- Exercise objective: The required output is the run of lines from the one holding "ZAFUL jednolity kolor" through the final line of the listing, restated word for word, with no pictures.

- Data:
▼

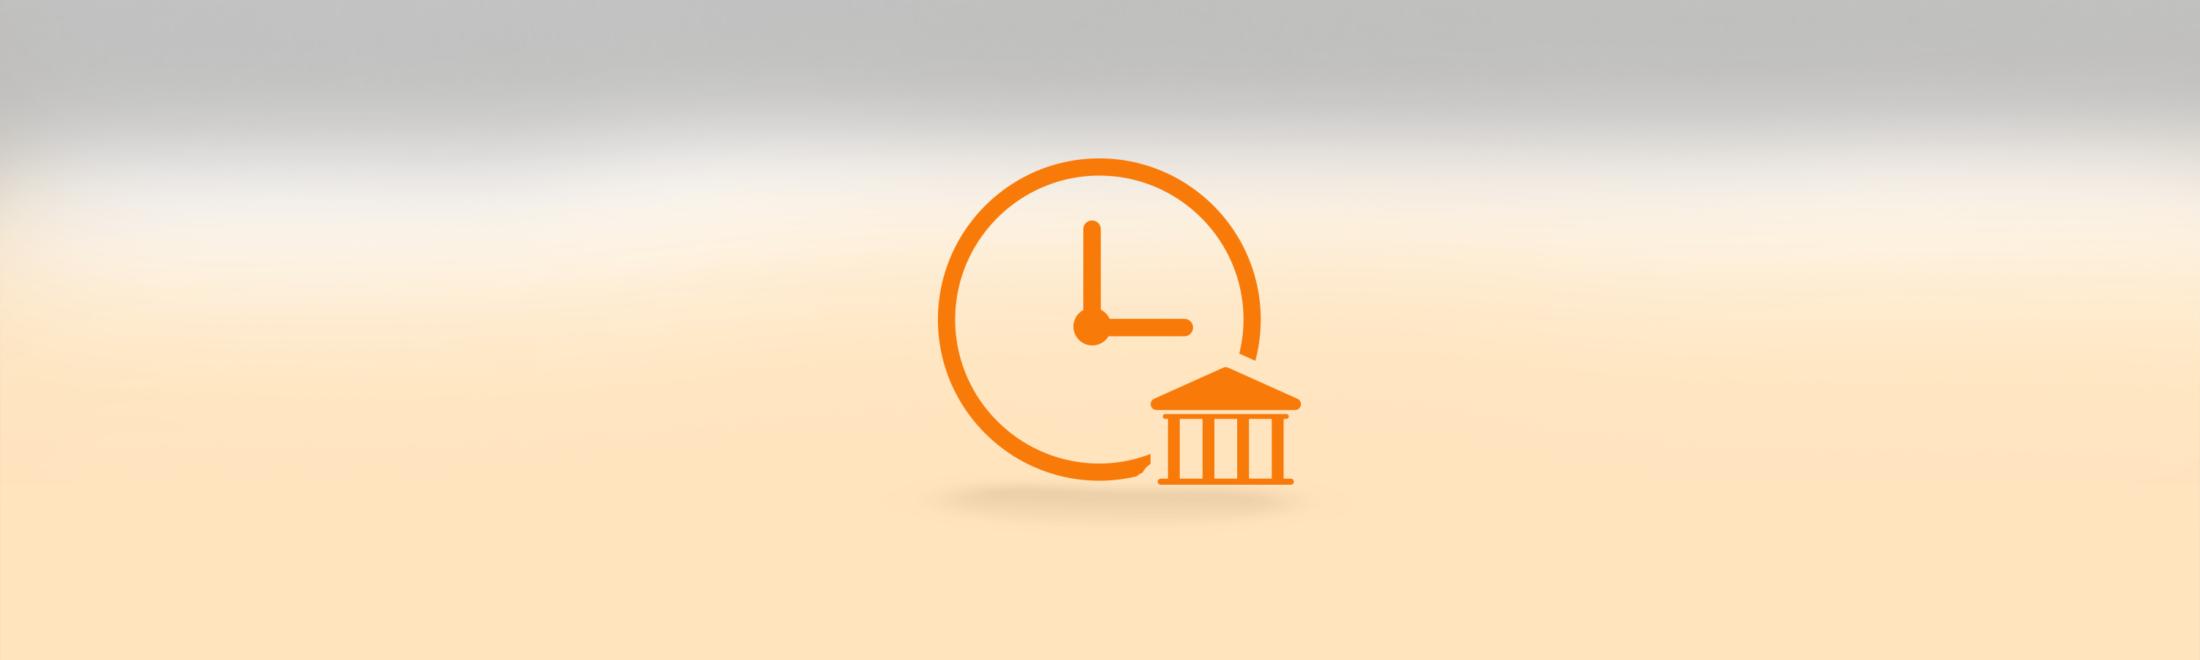 Obavijest o izmjeni radnog vremena tokom vjerskog praznika – Kurban Bajrama – 29/07/2020
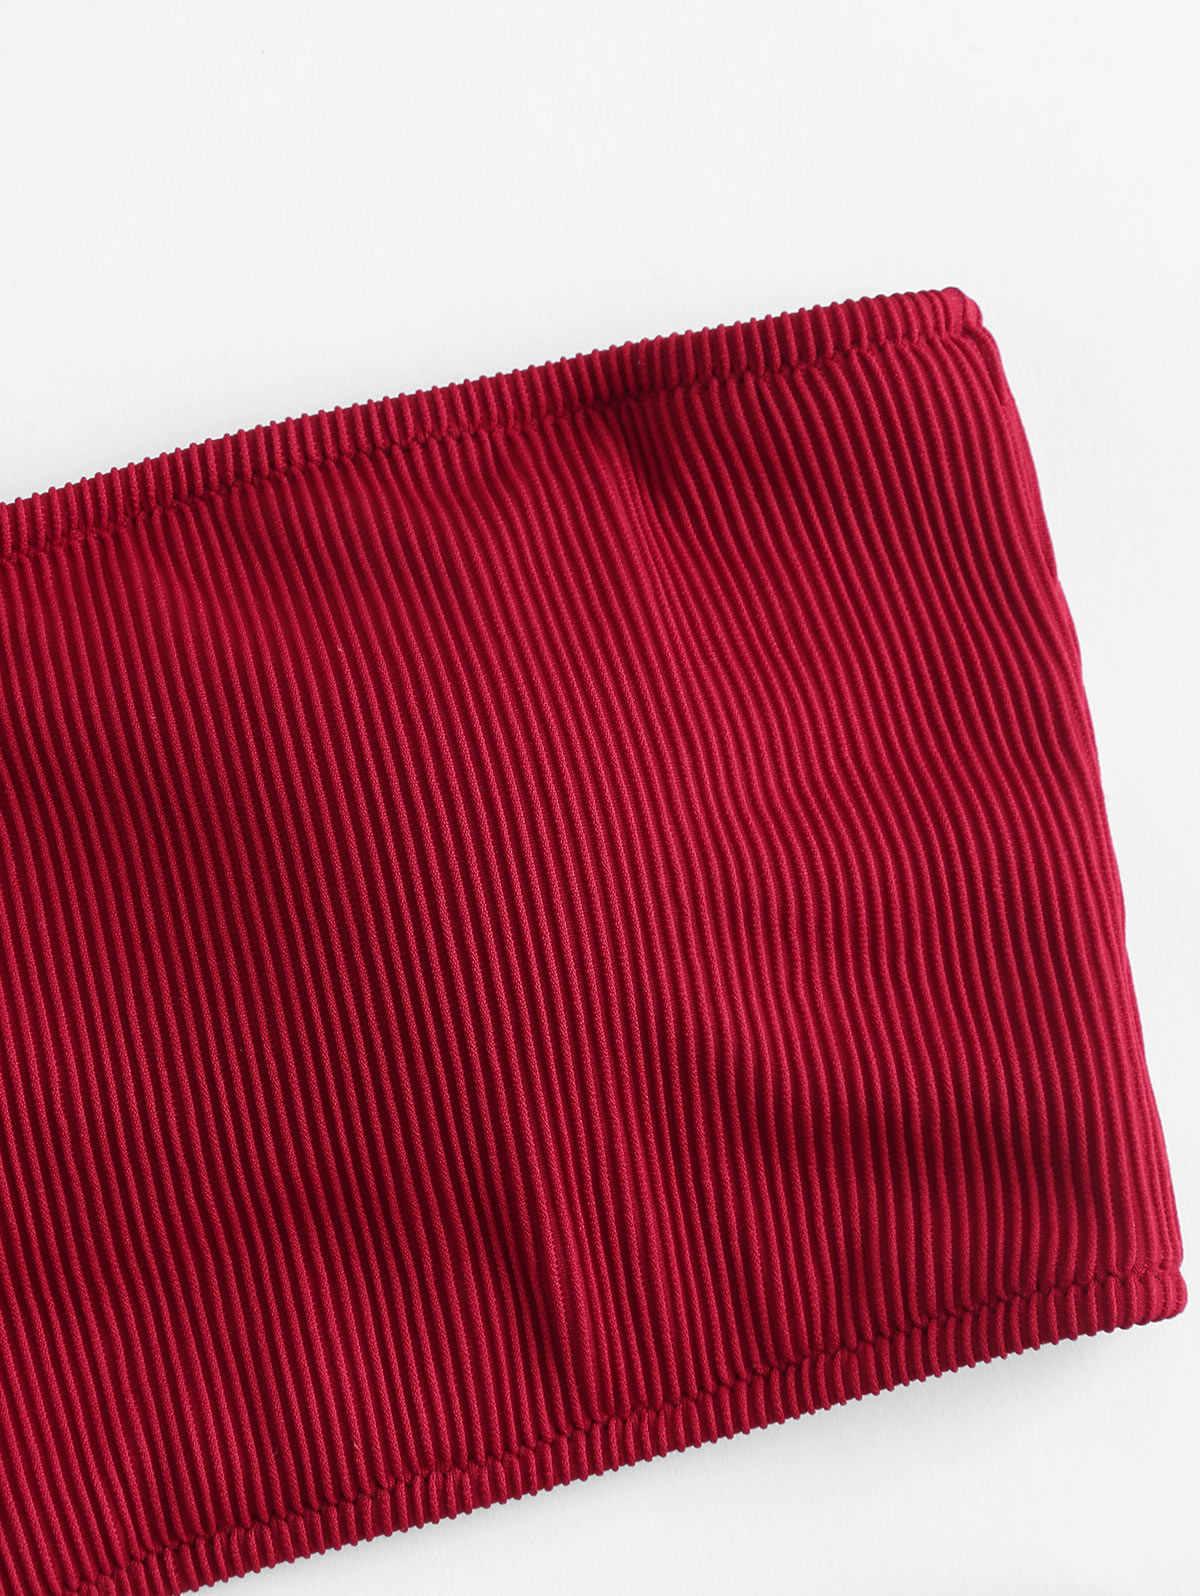 ZAFUL jednolity kolor regulowane paski Bandeau stringi Bikini Set lato tekstura biquini klocki Sport strój kąpielowy plaża stroje kąpielowe
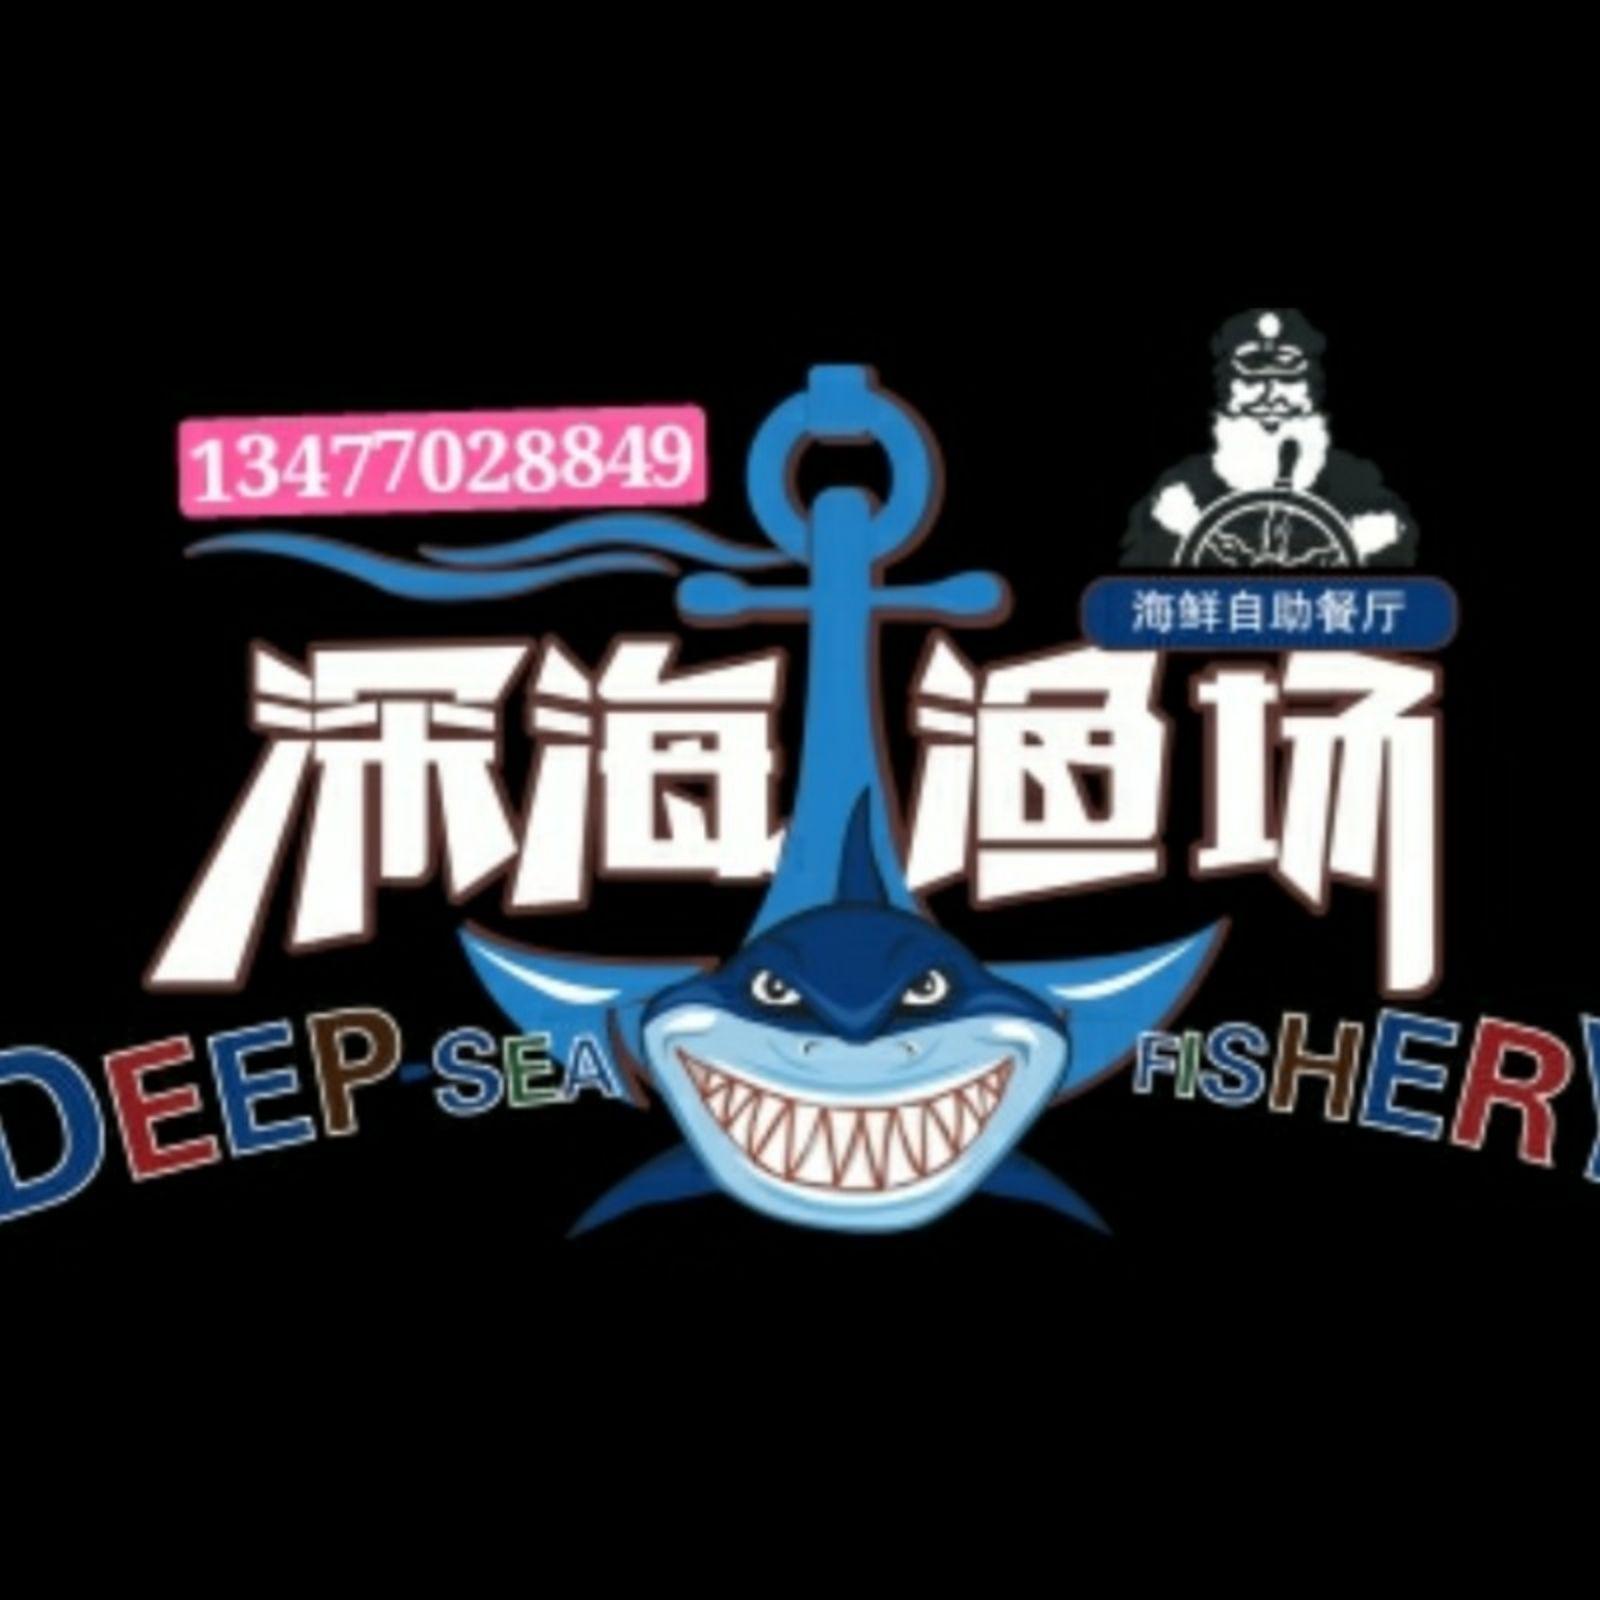 深海渔场海鲜自助餐厅

▲

- Solution for this problem:
 ZAFUL jednolity kolor regulowane paski Bandeau stringi Bikini Set lato tekstura biquini klocki Sport strój kąpielowy plaża stroje kąpielowe
 深海渔场海鲜自助餐厅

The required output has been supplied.